◆ **Data provided**
——————————
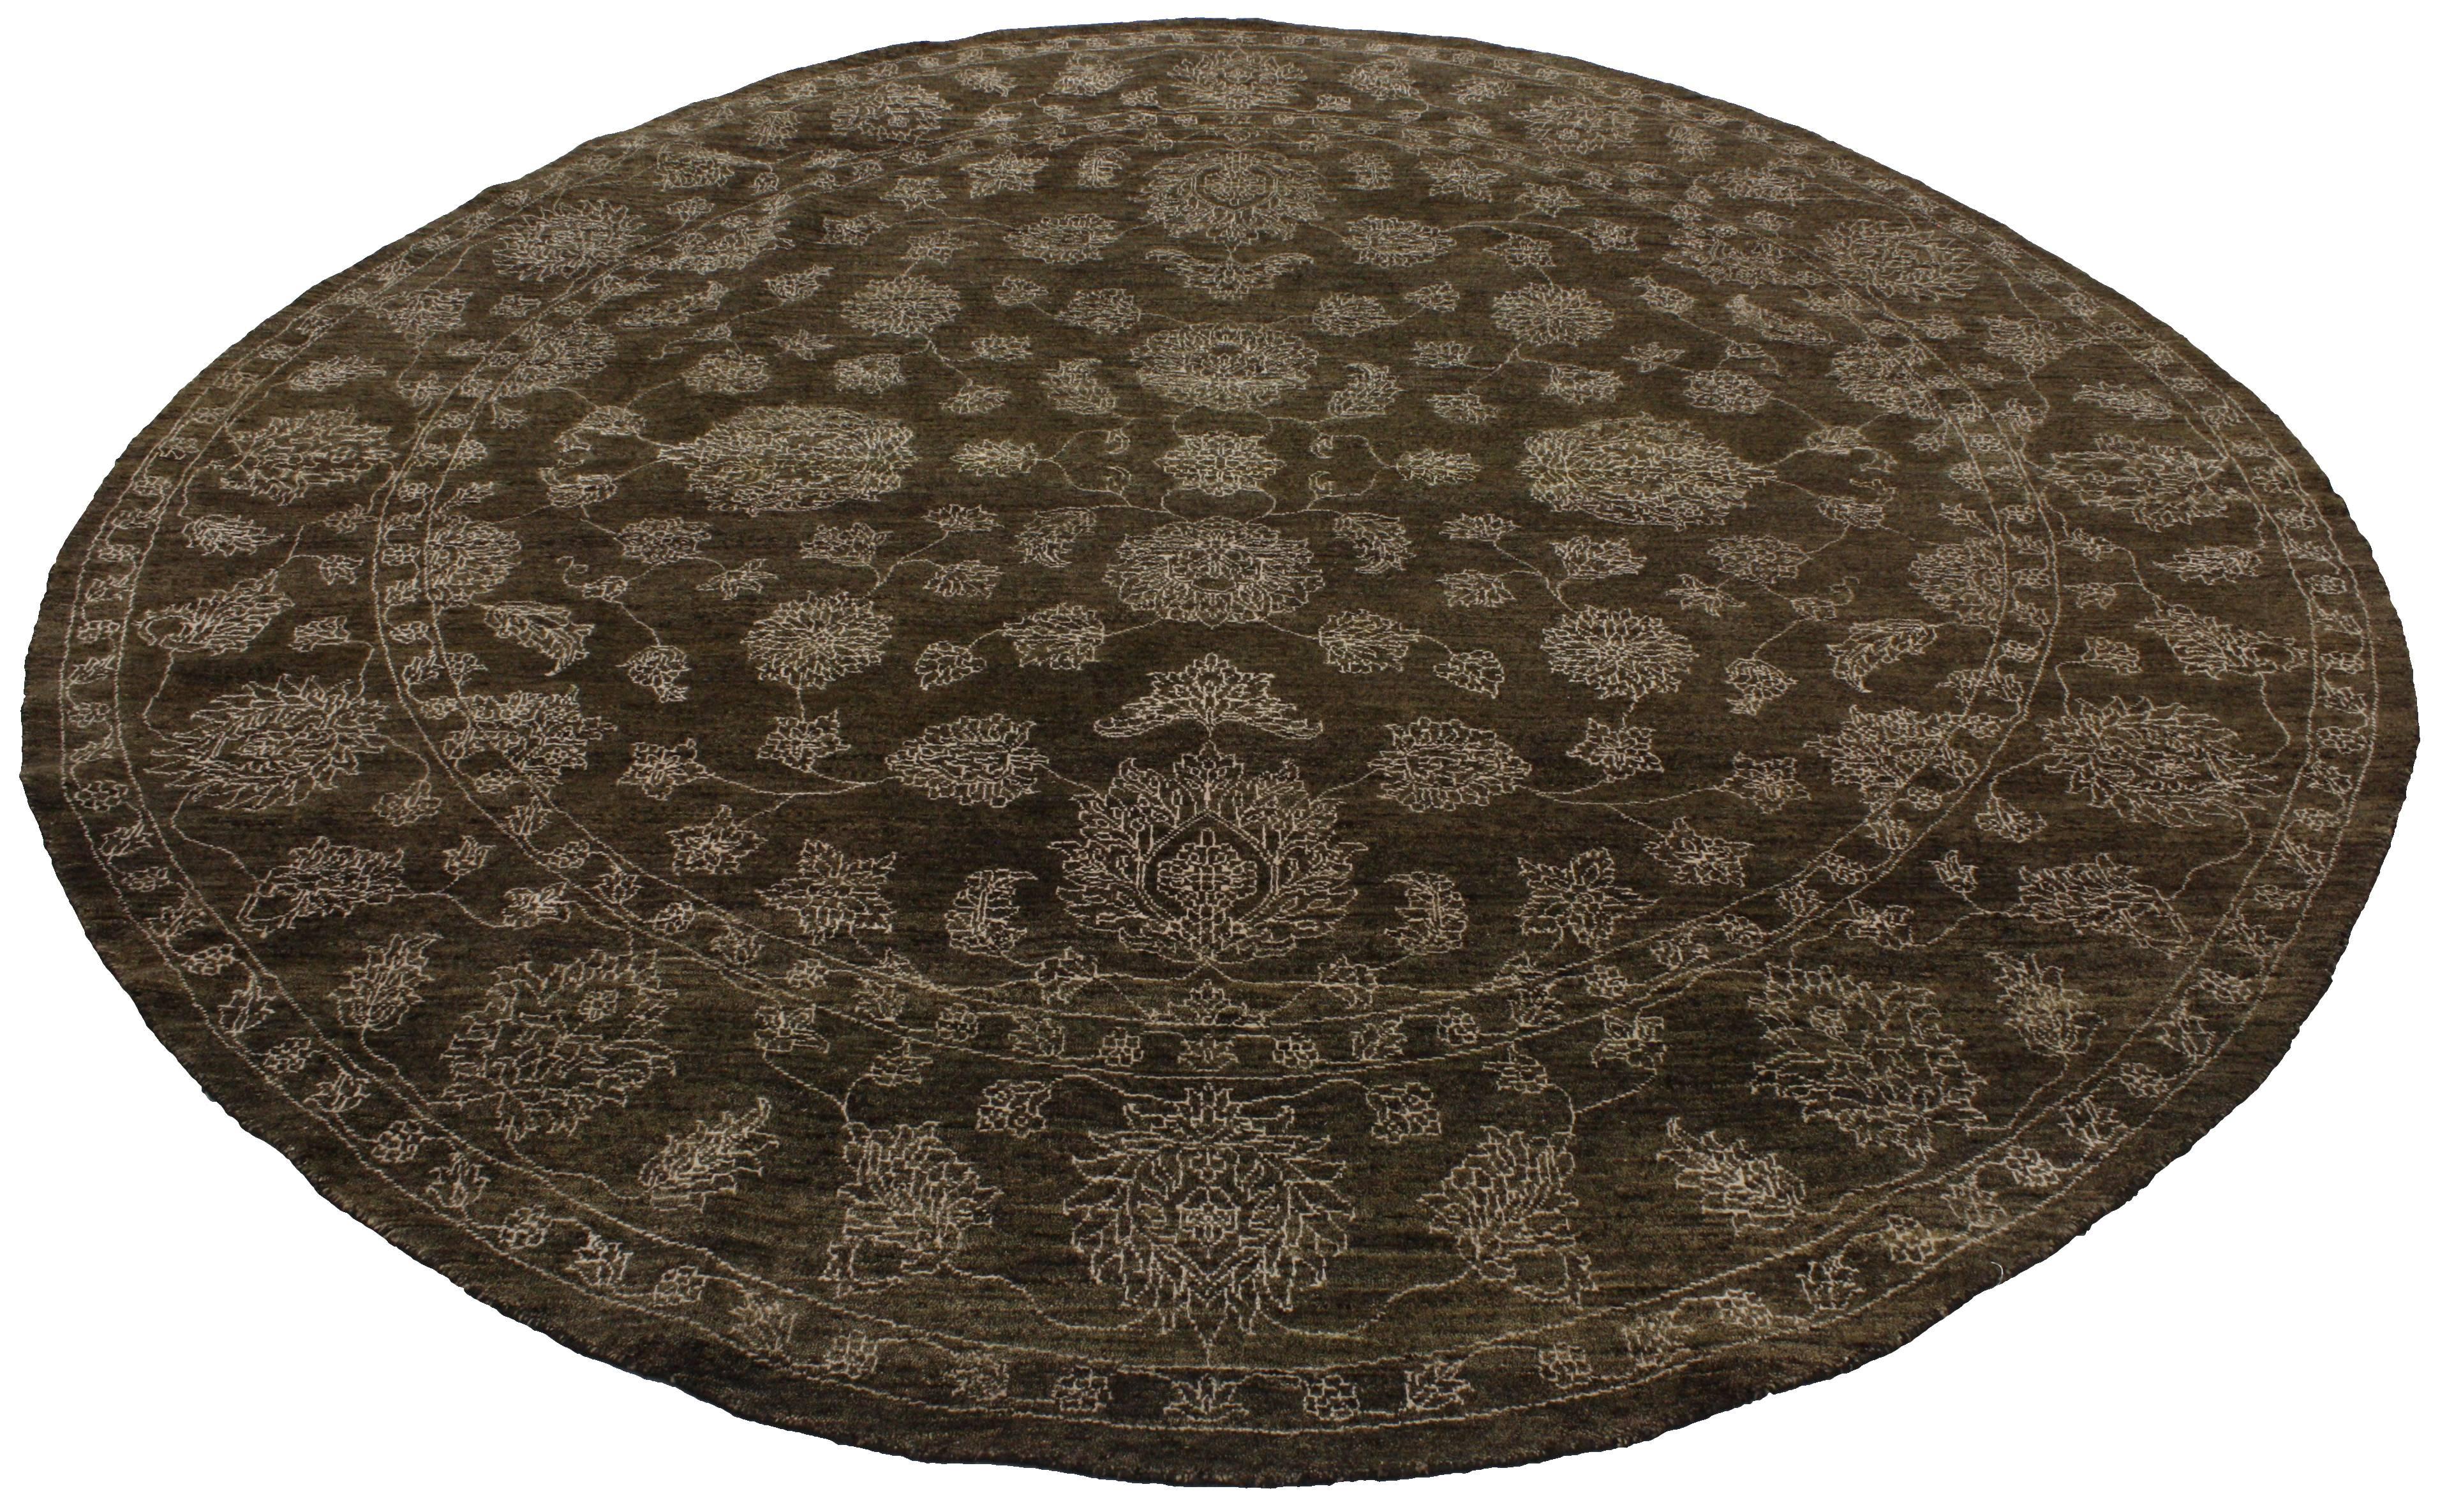 Timeless and refined, this round brown Oushak rug features modern traditional style. Sporting a simple yet refined and polished all-over geometric floral design, this round Oushak rug effortlessly blends well with modern or contemporary-styled
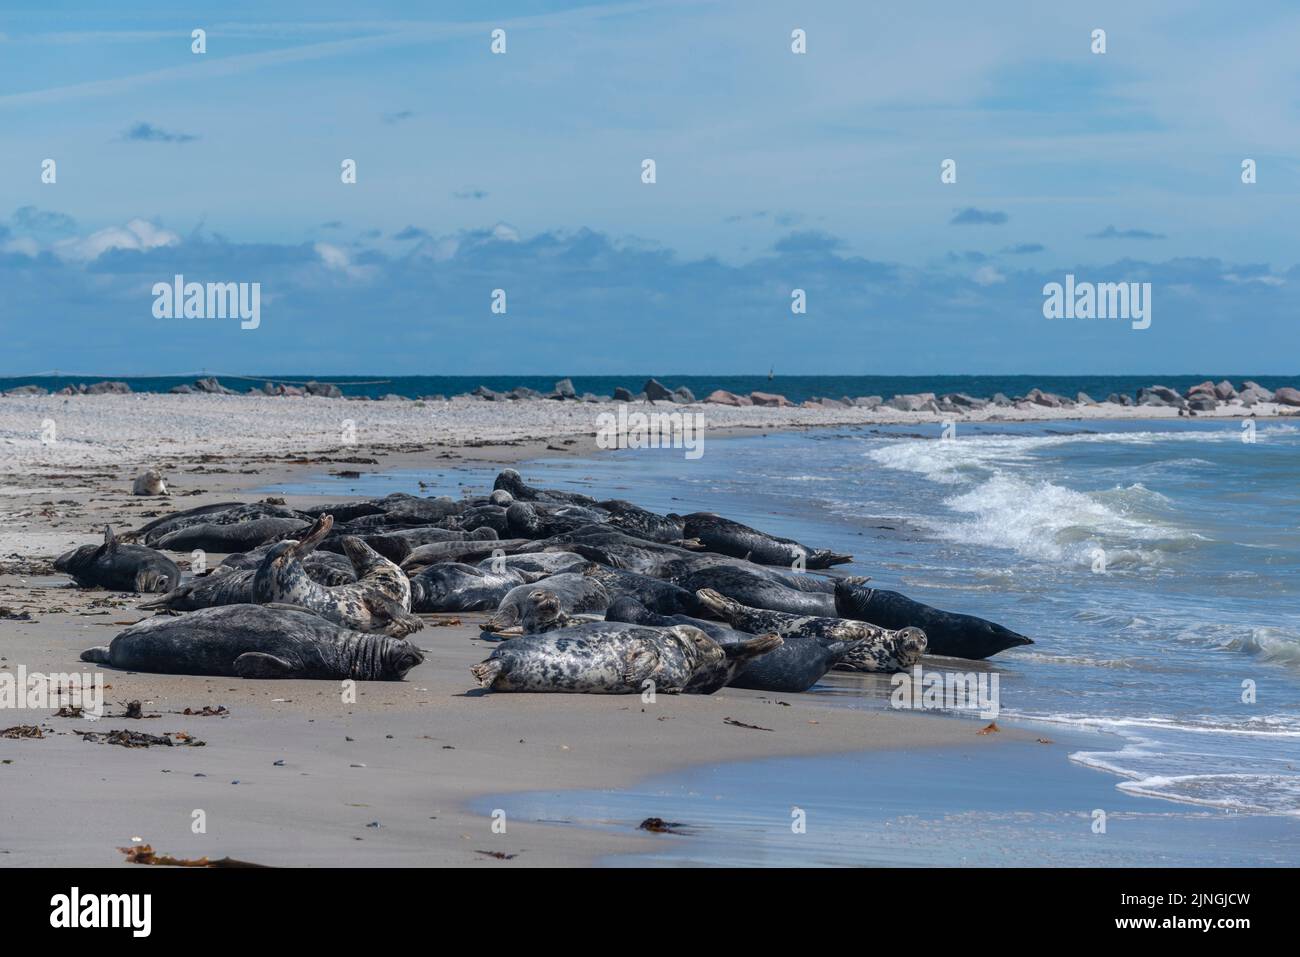 Seals, protected area, do not disturb, high seas island The Dune, part of Heligoland, district Pinneberg, Schleswig-Holstein, Northern Germany Stock Photo
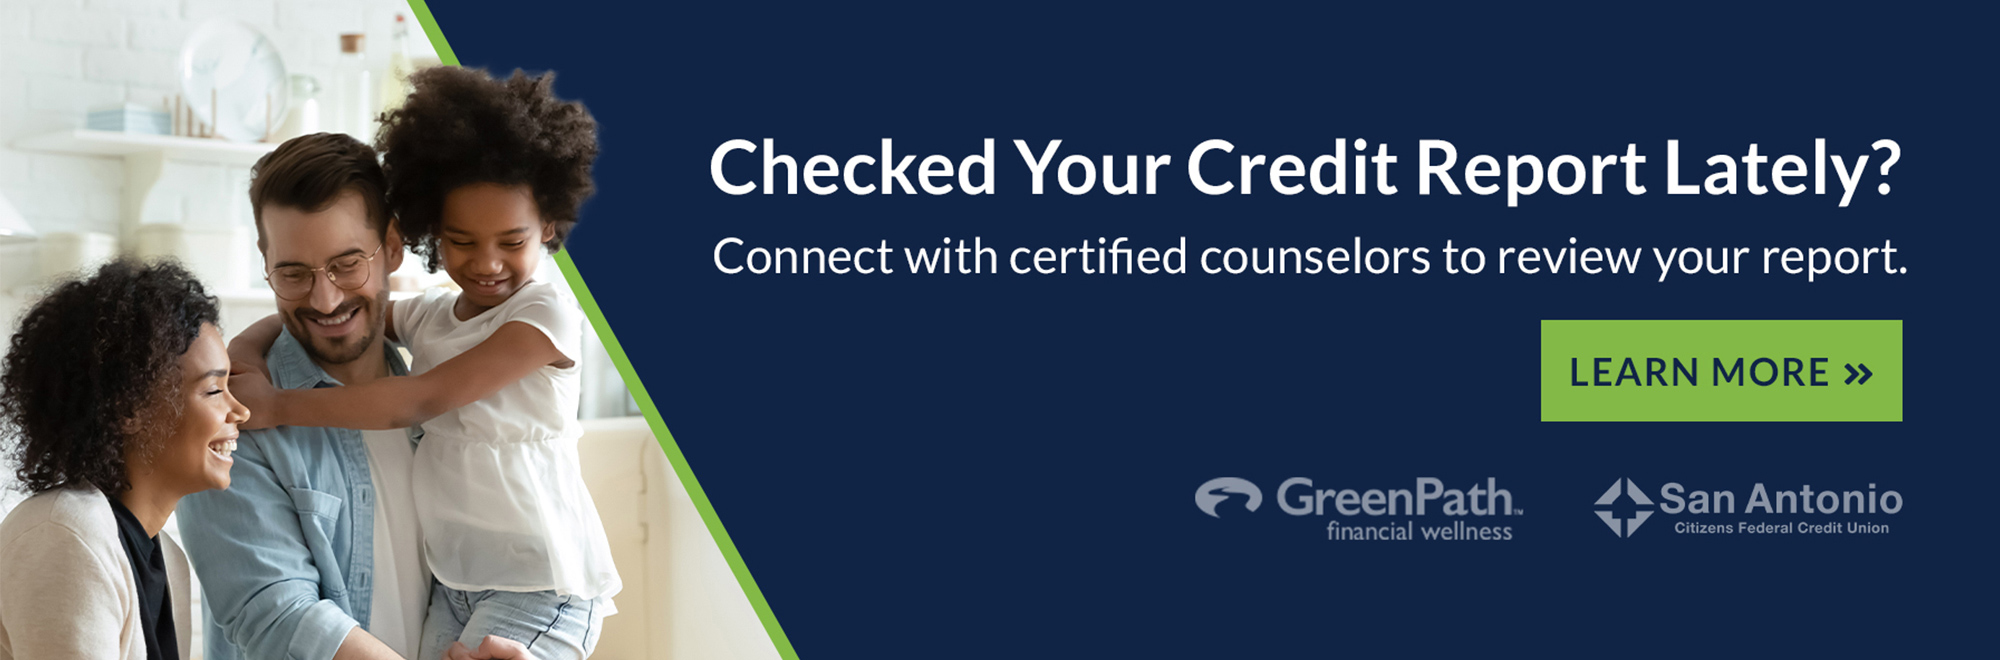 Checked Your Credit Report Lately? Connect with certified counselors to review your report.
——————————
◆ **Task instructions**
For this exercise, reproduce the data above exactly from the line containing "Seals, protected area, do" through its final line, both ends included, with no pictures in the copy.

◆ **Response to this exercise**
 Seals, protected area, do not disturb, high seas island The Dune, part of Heligoland, district Pinneberg, Schleswig-Holstein, Northern Germany Stock Photo
 Checked Your Credit Report Lately? Connect with certified counselors to review your report.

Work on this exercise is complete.